From the Chairman
Bright-Sided: What Does It Tell Us?
By Neal H. Mayerson
Chairman, VIA Institute on Character
Barbara Ehrenreich’s book
Bright-Sided is getting a lot of attention. I have only read about her book and heard her interviewed about it, so my comments are not about her book as much as about the media coverage she is getting.
As far as I can tell, this media attention speaks to many people’s inherent appreciation of the complexity of being human and a reaction against what they perceive as efforts to oversimplify and make things shallow. People take offense at assertions that their struggles in life might be simply dealt with by practicing a few things such as gratitude, mindfulness, and managing their positivity ratios. They know that their discontent with ineffective governments or selfish people is justified and they don’t want to be neutered by a
community value to “be positive.” They have a healthy suspicion about prescriptions to just focus on the positive and ignore the problems.
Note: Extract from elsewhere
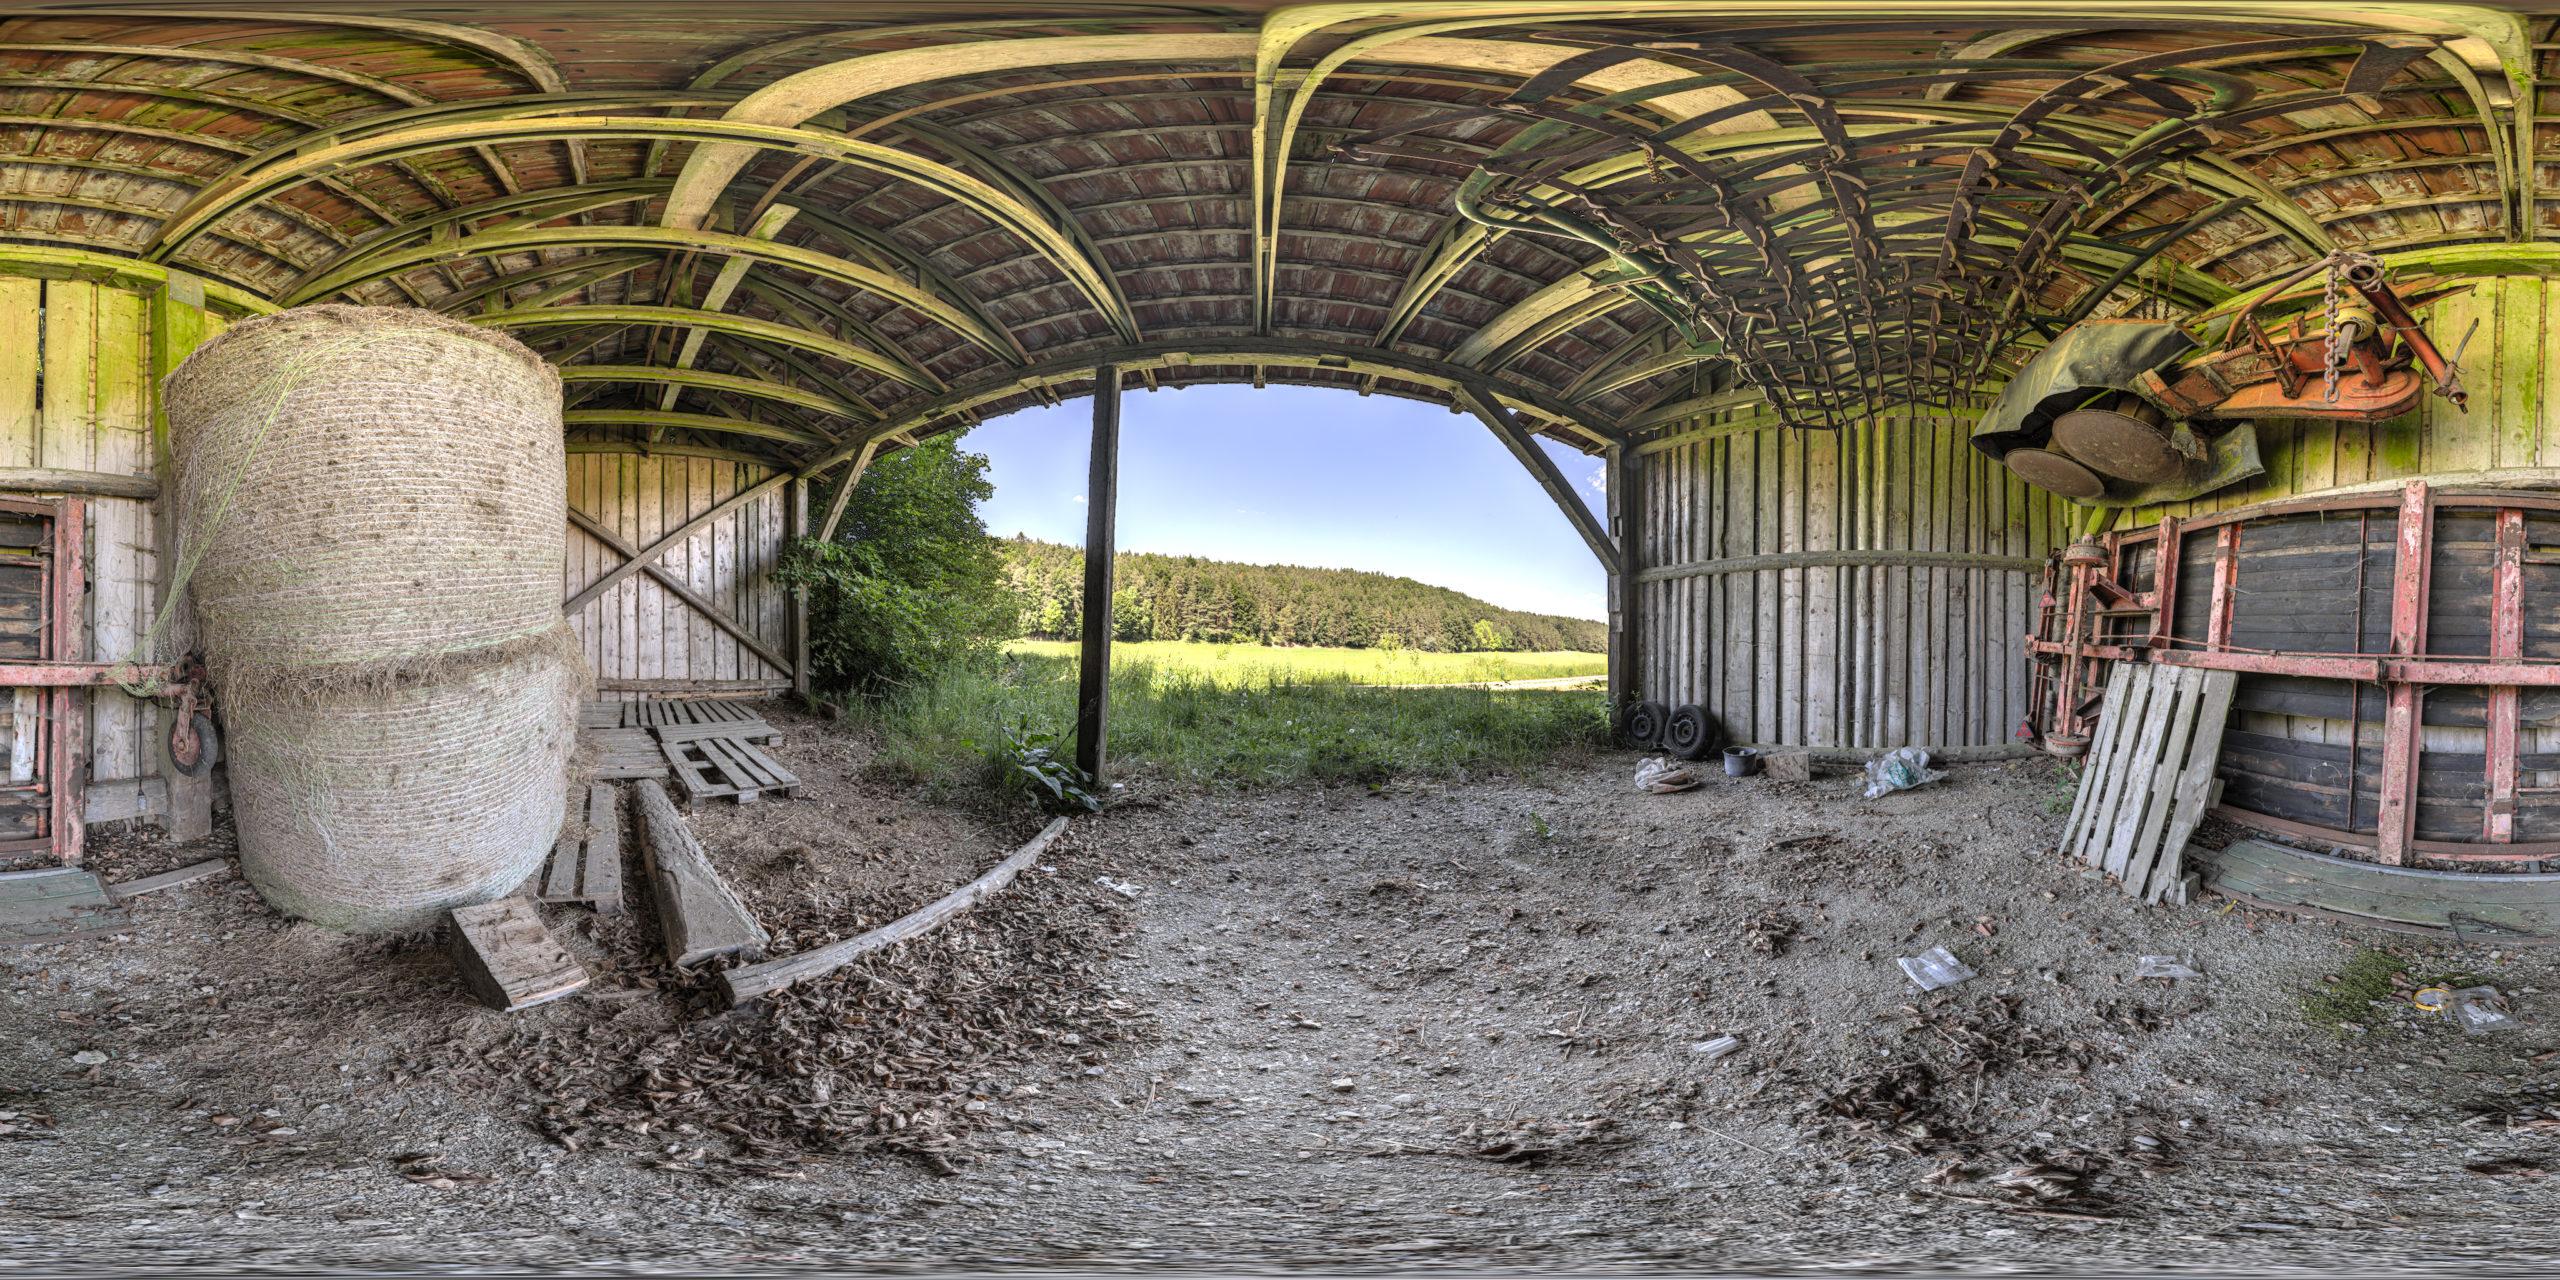 HDRI-Skies-Old-Barn-Strüthof

Has positive psychology become known as the purveyor of an oversimplified, one-sided approach to life? To some degree it has. The public has expressed great interest in the topic of “happiness” as evidenced by media coverage and publishers’ choices of books and titles to promote. They print things that will sell, and people have been buying “happiness”. Of the original three legs of the positive psychology stool, positive personality traits (character) and positive organizations have received much less attention than positive affect. We are seeing a backlash now from this relative imbalance as well as from the assertion by some that positive psychology is only concerned with the plus side of life.
Positive psychology is the scientific study of what’s best about human beings and how we create our best lives. Our lives are a series of ups and downs, and therefore, to live our best lives means to be our best in the various situations we experience in our lives. Positive psychology is expanding the tools we have to live our lives. These tools can be used to build our “dream homes” AND to repair things in our existing homes that have broken. Martin Seligman, often called the “father of positive psychology,” has always said that positive psychology is meant to complement and NOT supplant the rest of psychology. It is the other half of the loaf of bread, not the entire loaf.
I suppose all of us involved in positive psychology can do a better job of providing a more holistic and balanced perspective when we are teaching, publishing, or being interviewed by the press.